El cineasta Pablo Berger (Bilbao, 1963) nos ha regalado, en este segundo largo de su todavía corta carrera, una pequeña obra maestra. Porque lo tiene todo, unas interpretaciones muy notables, una puesta en escena brillante, la esmerada fotografía en blanco y negro de Kiko de la Rica, una intensa partitura, emoción, tensión, cinefilia a raudales y un largo etcétera, que trataremos de no obviar en esta humilde reseña.

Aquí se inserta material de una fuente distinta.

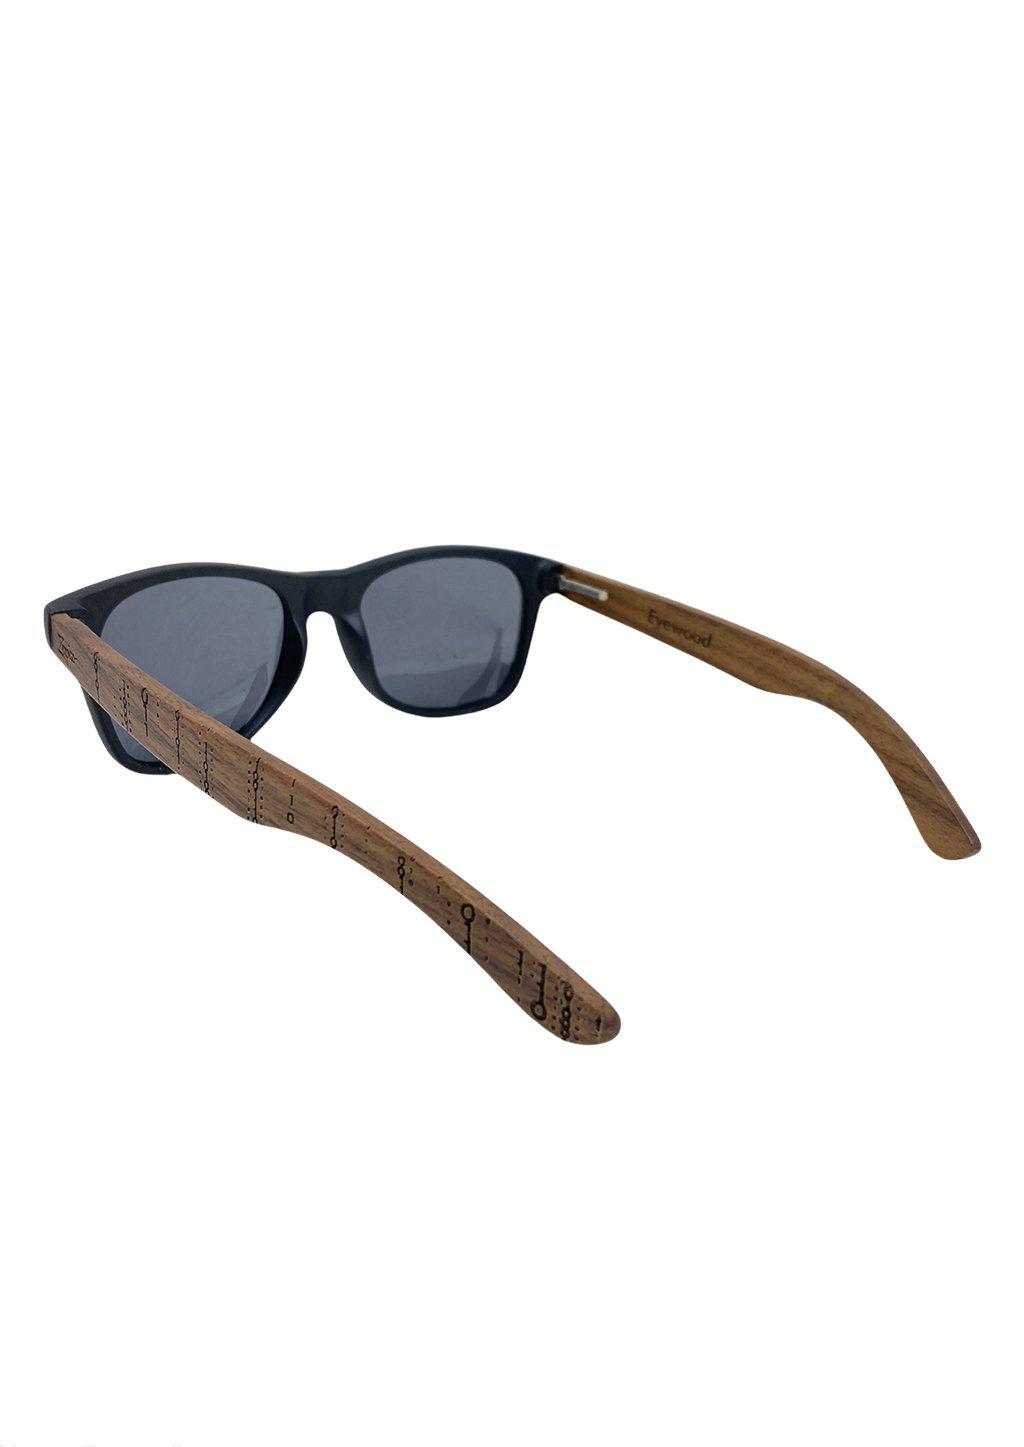 Engraved wooden sunglasses Inspired by the computers and the programing languages. Studio photo from the back.

Blancanieves es un melodrama con toques fantásticos (y de bizarría freak), que apela continuamente a nuestros más bajos instintos cinéfilos, que atesoramos en lo profundo de nuestra cabeza (y el corazón) y que muy pocas veces, y esta, afortunadamente, es una de ellas, encuentra imágenes que los percutan y hagan salir disparados. El guión, urdido por el propio Berger, sirve el drama desde las primeras secuencias. La primera parte de película, que se corresponde aproximadamente con su primer tercio, es un melo ‘de raíz’, que se ve como una magnífica sinfonía tras unas primeras secuencias introductorias que parecen y son un documental de época sobre la fiesta de los toros, con la gente aproximándose a la plaza y el ritual del vestuario del torero, los rezos en capilla para asegurar la suerte en la faena, el brindis al público y la exaltación del mismo, que nos traslada a una película de época de los años 20 o 30.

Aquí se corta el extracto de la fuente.